Dataset content Block Start

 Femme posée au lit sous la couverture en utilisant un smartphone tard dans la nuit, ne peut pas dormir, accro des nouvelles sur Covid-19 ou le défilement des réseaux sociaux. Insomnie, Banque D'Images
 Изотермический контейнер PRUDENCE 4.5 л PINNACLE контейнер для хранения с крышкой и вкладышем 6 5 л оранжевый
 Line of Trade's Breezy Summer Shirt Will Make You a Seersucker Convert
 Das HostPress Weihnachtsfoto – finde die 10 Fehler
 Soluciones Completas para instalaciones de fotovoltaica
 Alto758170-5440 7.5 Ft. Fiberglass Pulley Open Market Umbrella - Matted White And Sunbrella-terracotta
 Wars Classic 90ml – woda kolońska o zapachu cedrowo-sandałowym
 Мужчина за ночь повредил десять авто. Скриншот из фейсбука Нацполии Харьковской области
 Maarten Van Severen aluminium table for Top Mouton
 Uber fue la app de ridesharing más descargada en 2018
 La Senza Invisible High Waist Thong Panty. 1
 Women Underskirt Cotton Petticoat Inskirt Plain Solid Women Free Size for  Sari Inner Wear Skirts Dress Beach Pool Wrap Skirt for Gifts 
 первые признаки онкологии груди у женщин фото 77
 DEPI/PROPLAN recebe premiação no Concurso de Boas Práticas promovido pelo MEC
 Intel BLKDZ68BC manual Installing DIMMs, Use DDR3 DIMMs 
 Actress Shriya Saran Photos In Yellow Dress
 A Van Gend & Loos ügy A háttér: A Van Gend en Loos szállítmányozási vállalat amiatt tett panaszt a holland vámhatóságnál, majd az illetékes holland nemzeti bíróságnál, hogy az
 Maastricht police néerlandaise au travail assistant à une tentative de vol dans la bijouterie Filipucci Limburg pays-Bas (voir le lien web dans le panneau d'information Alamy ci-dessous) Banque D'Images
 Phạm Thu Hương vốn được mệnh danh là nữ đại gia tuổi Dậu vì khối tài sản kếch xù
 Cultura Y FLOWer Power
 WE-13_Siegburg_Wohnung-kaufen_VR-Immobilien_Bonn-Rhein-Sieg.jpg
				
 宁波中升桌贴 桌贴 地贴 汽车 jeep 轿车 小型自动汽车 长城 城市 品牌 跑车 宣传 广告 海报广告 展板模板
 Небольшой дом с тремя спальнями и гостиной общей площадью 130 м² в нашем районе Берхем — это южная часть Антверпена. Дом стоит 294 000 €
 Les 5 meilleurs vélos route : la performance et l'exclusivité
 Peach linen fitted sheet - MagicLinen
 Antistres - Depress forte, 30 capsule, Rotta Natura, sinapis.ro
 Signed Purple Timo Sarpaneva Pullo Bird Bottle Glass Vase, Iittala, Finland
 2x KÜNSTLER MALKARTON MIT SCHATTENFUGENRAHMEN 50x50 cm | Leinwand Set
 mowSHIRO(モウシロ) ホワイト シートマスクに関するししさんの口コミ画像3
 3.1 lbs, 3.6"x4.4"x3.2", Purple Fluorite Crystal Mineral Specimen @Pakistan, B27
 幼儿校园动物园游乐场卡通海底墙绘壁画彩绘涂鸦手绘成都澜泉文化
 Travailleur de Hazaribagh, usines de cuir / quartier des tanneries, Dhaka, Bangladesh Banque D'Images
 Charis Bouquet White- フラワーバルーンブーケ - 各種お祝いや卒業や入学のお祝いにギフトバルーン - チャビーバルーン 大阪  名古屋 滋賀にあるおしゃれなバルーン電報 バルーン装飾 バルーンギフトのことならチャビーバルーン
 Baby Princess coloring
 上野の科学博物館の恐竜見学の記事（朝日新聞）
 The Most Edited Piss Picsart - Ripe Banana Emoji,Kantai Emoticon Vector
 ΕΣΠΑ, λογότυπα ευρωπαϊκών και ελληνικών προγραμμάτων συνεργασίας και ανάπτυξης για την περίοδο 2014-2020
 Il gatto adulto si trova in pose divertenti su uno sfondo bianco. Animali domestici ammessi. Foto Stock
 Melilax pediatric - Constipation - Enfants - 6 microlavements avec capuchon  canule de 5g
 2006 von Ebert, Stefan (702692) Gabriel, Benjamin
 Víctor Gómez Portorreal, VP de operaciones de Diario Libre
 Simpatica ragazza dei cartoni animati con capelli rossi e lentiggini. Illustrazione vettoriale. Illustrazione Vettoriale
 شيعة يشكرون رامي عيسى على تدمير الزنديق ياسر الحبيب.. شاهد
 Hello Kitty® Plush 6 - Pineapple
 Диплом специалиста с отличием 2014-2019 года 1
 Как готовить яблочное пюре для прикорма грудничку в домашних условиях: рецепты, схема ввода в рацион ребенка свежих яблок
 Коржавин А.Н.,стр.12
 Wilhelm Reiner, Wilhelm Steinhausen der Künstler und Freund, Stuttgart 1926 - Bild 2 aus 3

Dataset content Block End

Instructions to follow
Extract every line above containing the word "White".

Response
 Alto758170-5440 7.5 Ft. Fiberglass Pulley Open Market Umbrella - Matted White And Sunbrella-terracotta
 Charis Bouquet White- フラワーバルーンブーケ - 各種お祝いや卒業や入学のお祝いにギフトバルーン - チャビーバルーン 大阪  名古屋 滋賀にあるおしゃれなバルーン電報 バルーン装飾 バルーンギフトのことならチャビーバルーン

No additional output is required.